The Stardog documentation has a Migration Guide that covers how to upgrade Stardog across major versions.
Upgrading major versions
Do not upgrade Stardog over multiple major versions at a time. In other words, if you need to upgrade from Stardog 8 to Stardog 10, upgrade first from Stardog 8 to Stardog 9, and then from Stardog 9 to Stardog 10.
Having multiple versions of Stardog installed
You can have multiple versions of Stardog installed at the same time. You do not need to uninstall versions you are no longer using.
How to do this
If you're installing Stardog manually
If you're installing Stardog from ZIP, your directory structure can look like like this:
# note the versions installed here are examples opt └── stardog ├── stardog-10.0.0 ├── stardog-8.1.0 ├── stardog-8.2.1 ├── stardog-8.2.2 ├── stardog-9.0.0 ├── stardog-9.0.1 └── stardog-9.1.1
This is as opposed to having the Stardog installation files directly in /opt/stardog
. Those files are located in the version folder for their respective installation.
If you've added the /bin
folder of the Stardog installation to your PATH, you'll need to edit this to account for this modified directory structure. In other words, if you wanted to use Stardog 10.0.0, your PATH would include /opt/stardog/stardog-10.0.0/bin
.
If you want to maintain multiple copies of your different servers, you'll need to keep multiple home directories. You can change the home directory you use by passing the --home
flag to the the stardog-admin server start
command or by changing the environment variable you have set for STARDOG_HOME.
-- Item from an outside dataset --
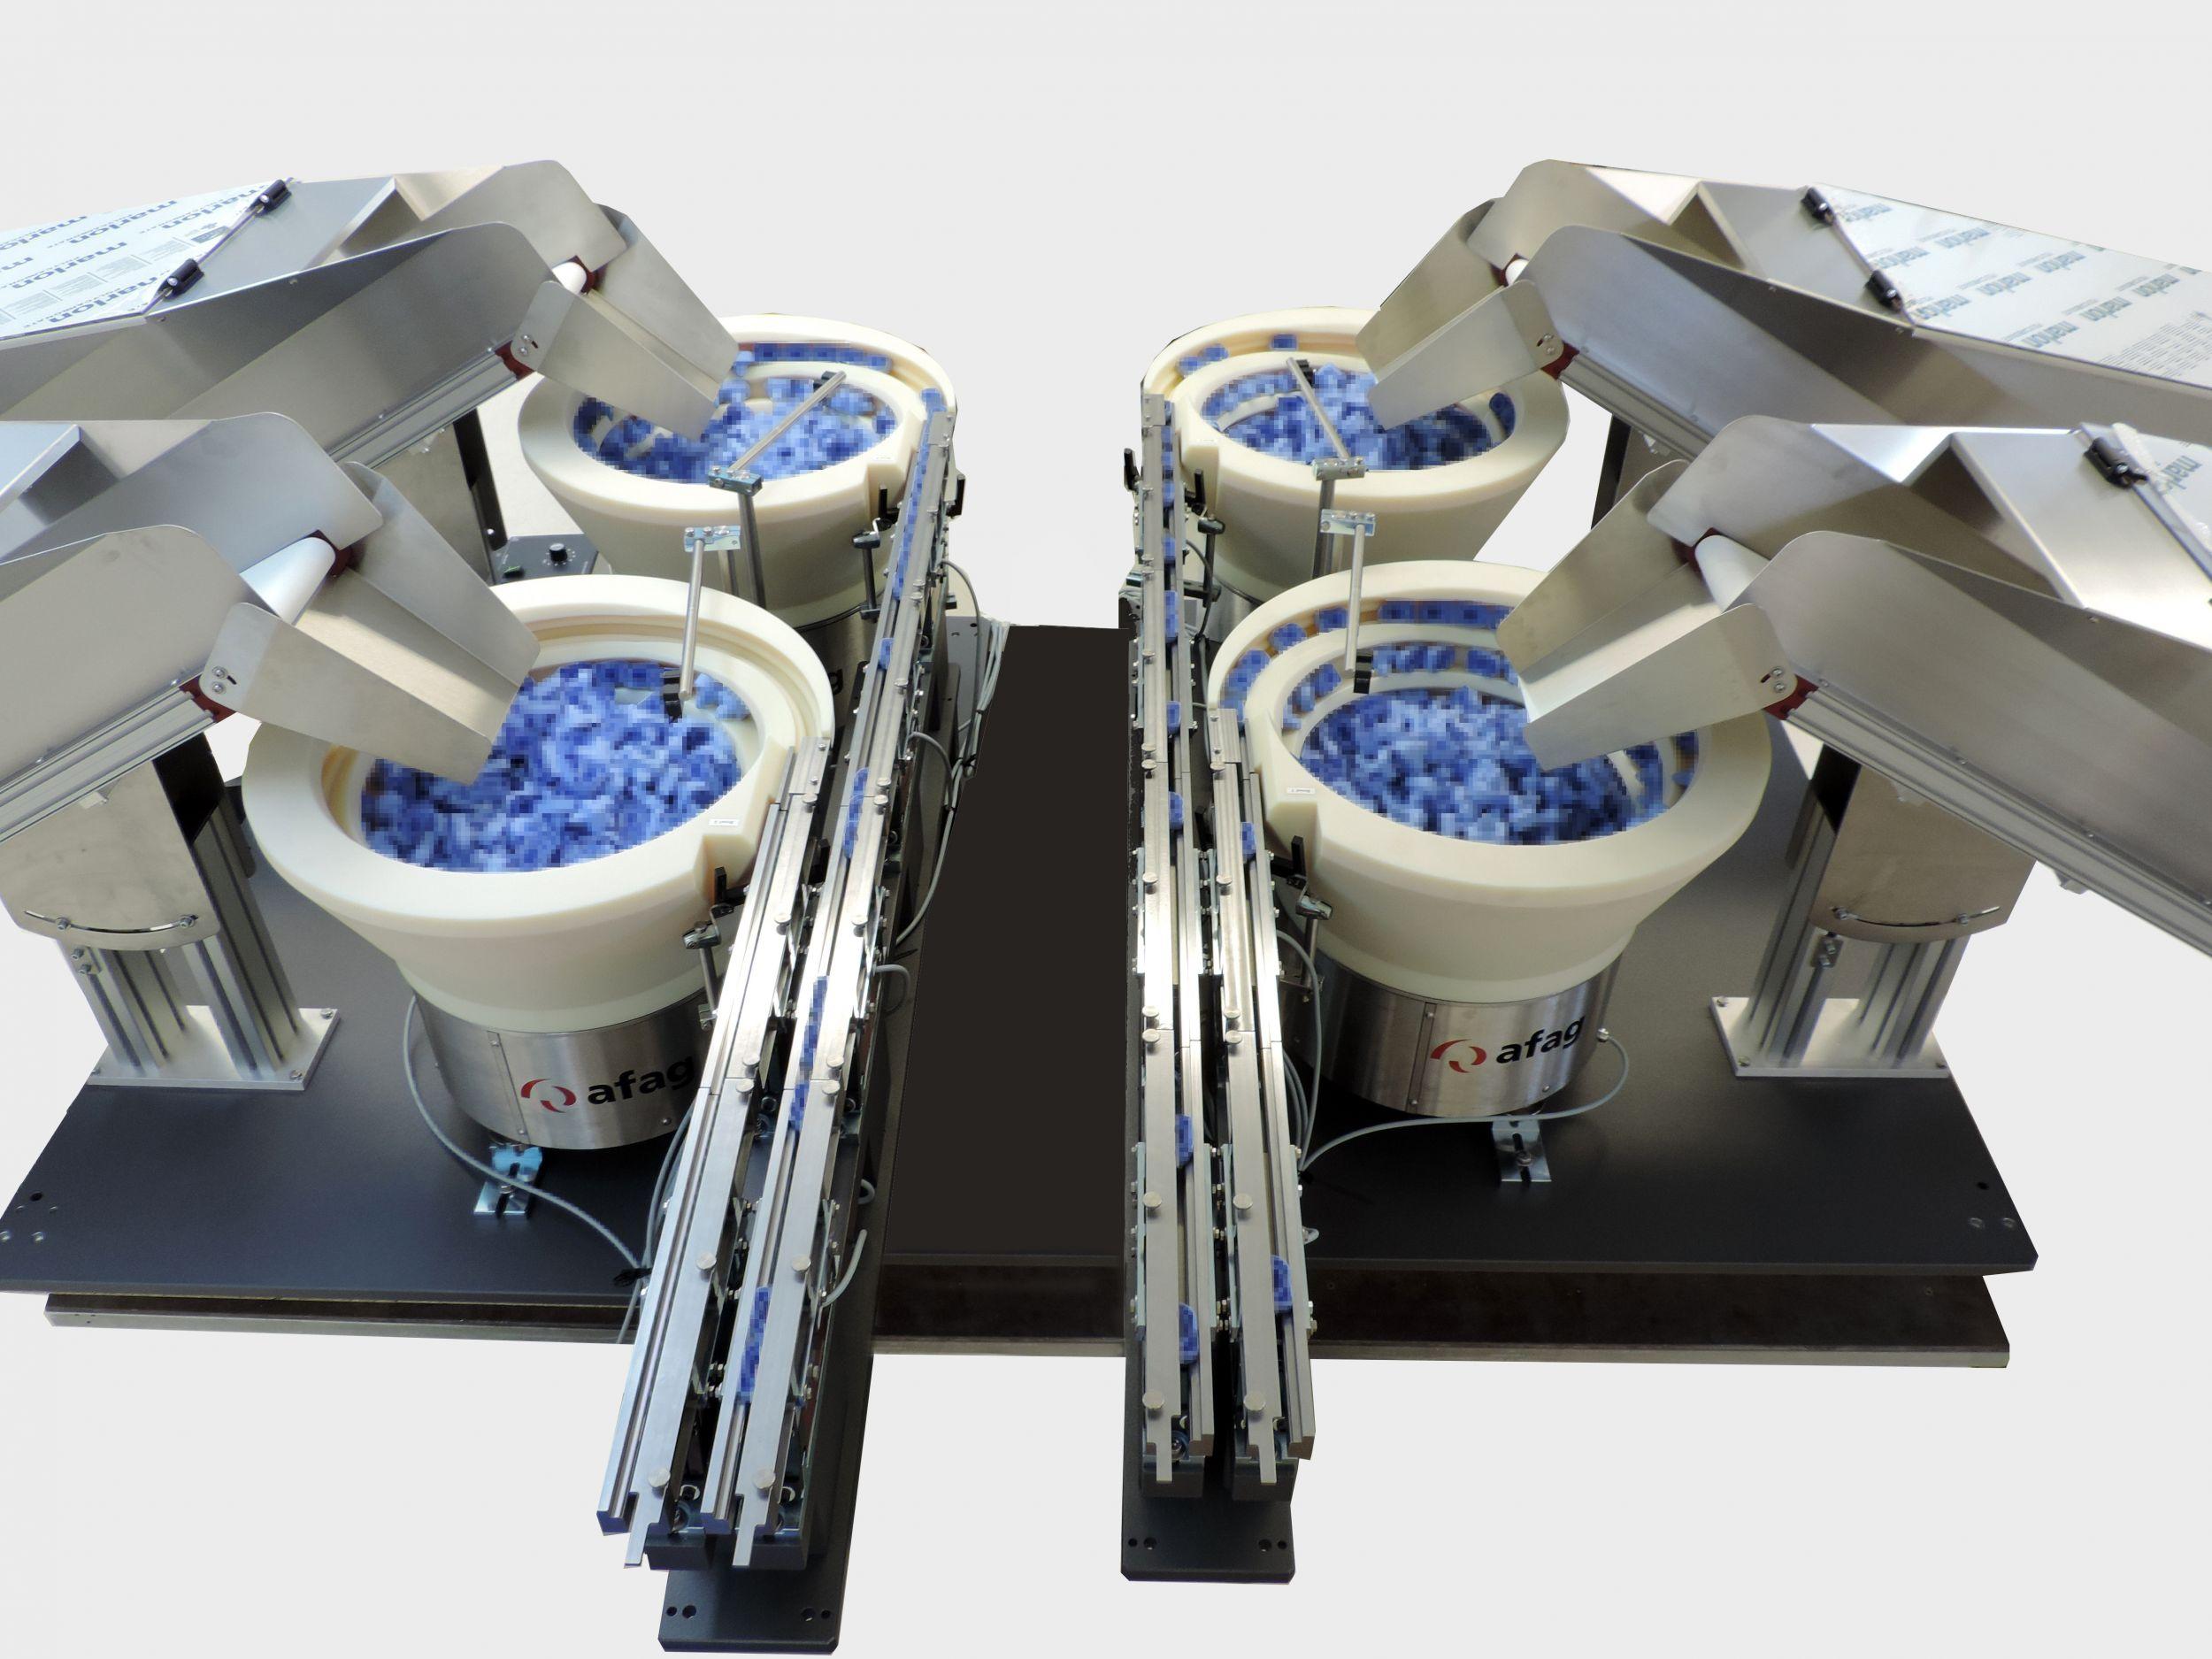 Zuführlösung für Produktionsgeräte von Covid-19-Testeinheiten

If you merely want to upgrade and keep using the same home directory, see the Migration Guide linked at the top of this article.
If you're installing Stardog with an installer
You can merely change the name of the directory you're about to stop using from /opt/stardog
to /opt/stardog-X.Y.Z
, where X.Y.Z
is the old Stardog version. When you install the new version with your installer, it will be installed to /opt/stardog
, and that's the version your machine will use when you start Stardog.
If you want to change back to a previous version, rename /opt/stardog
to include its version number, and rename /opt/stardog-X.Y.Z
to /opt/stardog
. Note that changing to previous versions is only recommended if you're changing within major versions (e.g., from 10.0.1 to 10.0.0). Downgrading major versions is not recommended but is covered below.
Before changing versions in any capacity, please back up your data!
Downgrading
Downgrading Stardog across major versions is not recommended, for two reasons:
- Doing so can lead to loss of data.
- Your STARDOG_HOME directory from a higher version (e.g., Stardog 10) cannot be used for a lower version (e.g., Stardog 8). This is because the directory structure for STARDOG_HOME changes between versions.
Because of point 2, doing a downgrade requires a backup of a STARDOG_HOME directory that was created on the version you're trying to downgrade to. If you do not have this, downgrading is not possible.
If you have such a backup, you can downgrade as follows:
- Back up your STARDOG_HOME directory on the higher version.
- This will not enable your STARDOG_HOME directory to be used by the lower version, but it's good practice to make backups any time you make a major change.
- Copy the lower version backup of STARDOG_HOME to
/var/opt/stardog
(or wherever your home directory is configured). - Start Stardog on the downgraded version.